-- Exercise data follows --
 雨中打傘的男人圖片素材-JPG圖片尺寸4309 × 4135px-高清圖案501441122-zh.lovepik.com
-- Exercise data concluded --
-- Exercise data follows --
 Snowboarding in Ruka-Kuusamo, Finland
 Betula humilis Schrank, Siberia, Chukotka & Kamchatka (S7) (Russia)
-- Exercise data concluded --
**Your task**
Could you set down, exactly as written, the lines above between the one holding "Snowboarding in Ruka-Kuusamo, Finland" and the one holding "Betula humilis Schrank, Siberia, Chukotka", inclusive, and nothing more?

**Written reply**
 Snowboarding in Ruka-Kuusamo, Finland
 Betula humilis Schrank, Siberia, Chukotka & Kamchatka (S7) (Russia)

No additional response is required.